Inspiring Young Readers

posted on 21 Jan 2018

Smile by Mary Hoffman

Leonardo Da Vinci’s painting that we know as the Mona Lisa is probably one of the best known artworks in the world. Even those who haven’t had the chance to see the painting in the flesh know about the legendary smile on the face of the woman sitting for the artist. There must have been acres of print dedicated to trying to describe or capture just what that facial expression tells us about the artist and the artist’s model.

In this latest offering from the Barrington Stoke stable, Mary Hoffman’s Smile  takes an engagingly different approach to the painting and its subject. The author gives us a pretty big hint about what we’re going to encounter here because she’s sub-titled here book The story of the original Mona Lisa  but this isn’t a painstaking piecing together of some fragments of history. What we get in fact is an intimate, imaginative recreation of the life and thoughts of the young woman who would become immortally famous as Mona Lisa.
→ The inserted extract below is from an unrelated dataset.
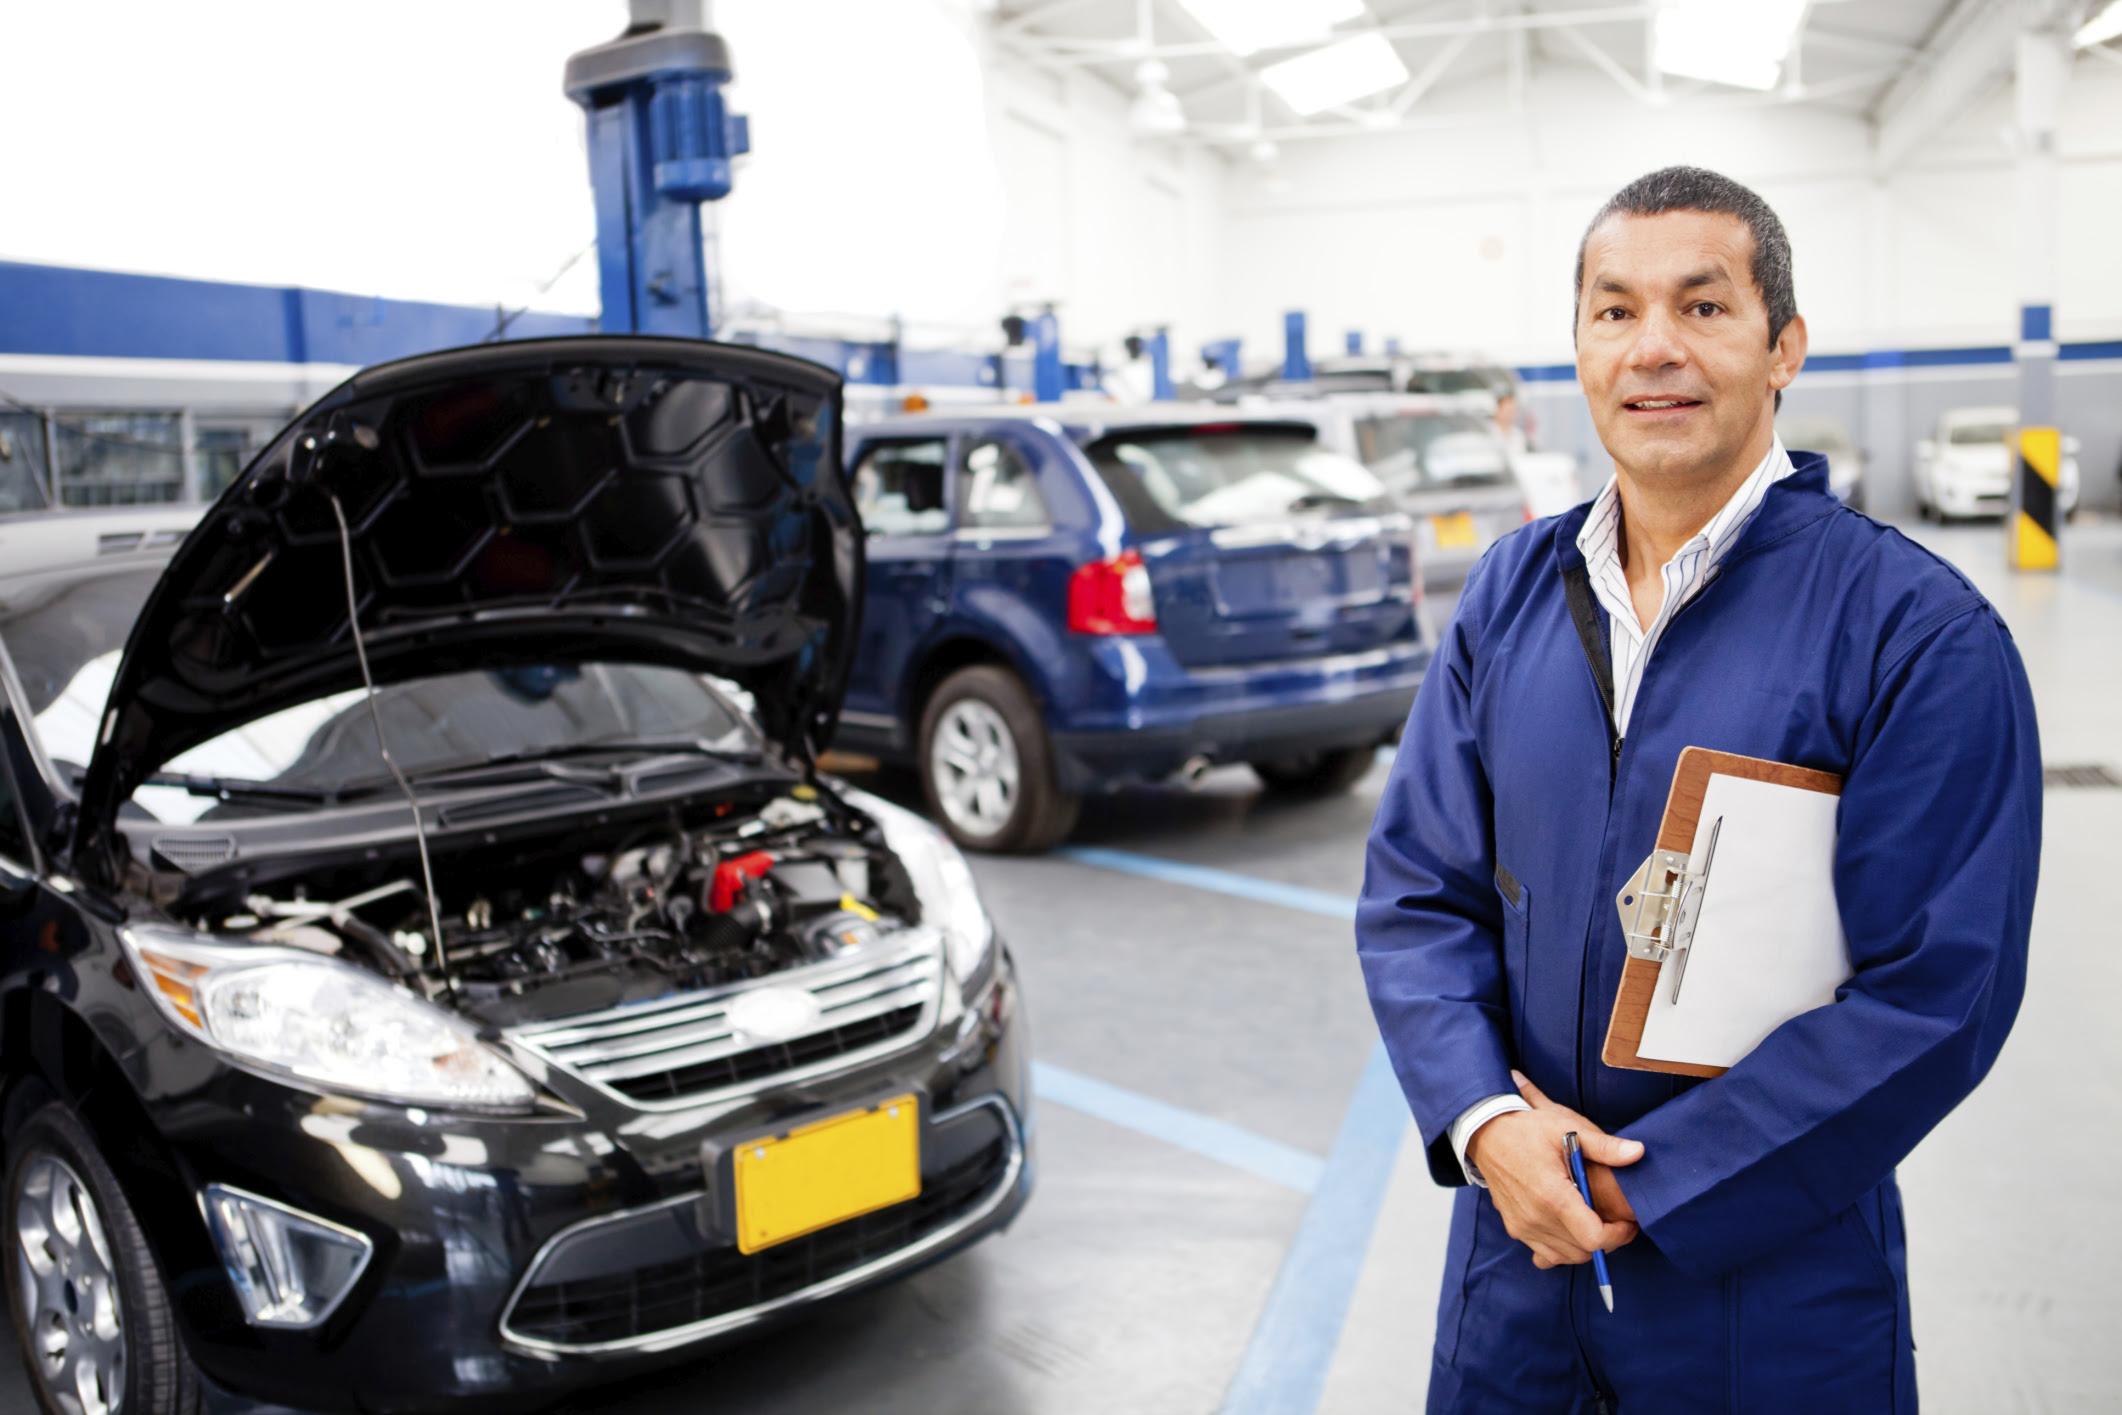 Job Description of a Service Advisor  Career Trend

The story is largely fictional but it’s based on those fragments we do know to be true and some interesting original speculation by Hoffman who gives us an insight into her research in a useful and very interesting final note at the end of the book:

I have made the story of Smile up, apart from facts of births, deaths and marriages.

You’re not going to find explosive action and thrills here. What we get is the life of a young girl who grows into a teenager, marries and, like so many women of that time, had child after child, some of who flourish and some who don’t. This is a peep into the domestic life of women growing up in late 15th century Italy (actually 1500 is a key date that Lisa’s life straddles) and Hoffman cunningly and skilfully smuggles in a whopping great history lesson that younger readers will absorb without groaning. She even manages to introduce her readers to the politics of the day – this is Florence when the Dominican friar, Savonarola, was whipping up an austere religious backlash against the blooming, mercantile Renaissance taking place in the city.

Death, disappointment and female oppression were facts of the day and Hoffman doesn’t try to dodge these issues but equally, she doesn’t dwell on them. She’s also confident enough to introduce the topic of homosexuality without feeling she has to apologise for it being there.

Of course, the climax of the book is Lisa’s time sitting for her painting once her husband had commissioned it. We also get plenty of information about the rivalry between Leonardo and Michelangelo and Hoffman allows us an insight into this by making both artists friends of Lisa and giving Leonardo a (fictional) previous meeting with ‘lovely Lisa’ when she was just a child.

This isn’t a book designed to teach history but like all the best stories it opens up a world for the reader that might otherwise seem boring or forbidding without having someone to identify with and care about.

This is history that is made to live and it’s peopled by characters from a distant time and place you can believe might have been a lot like us.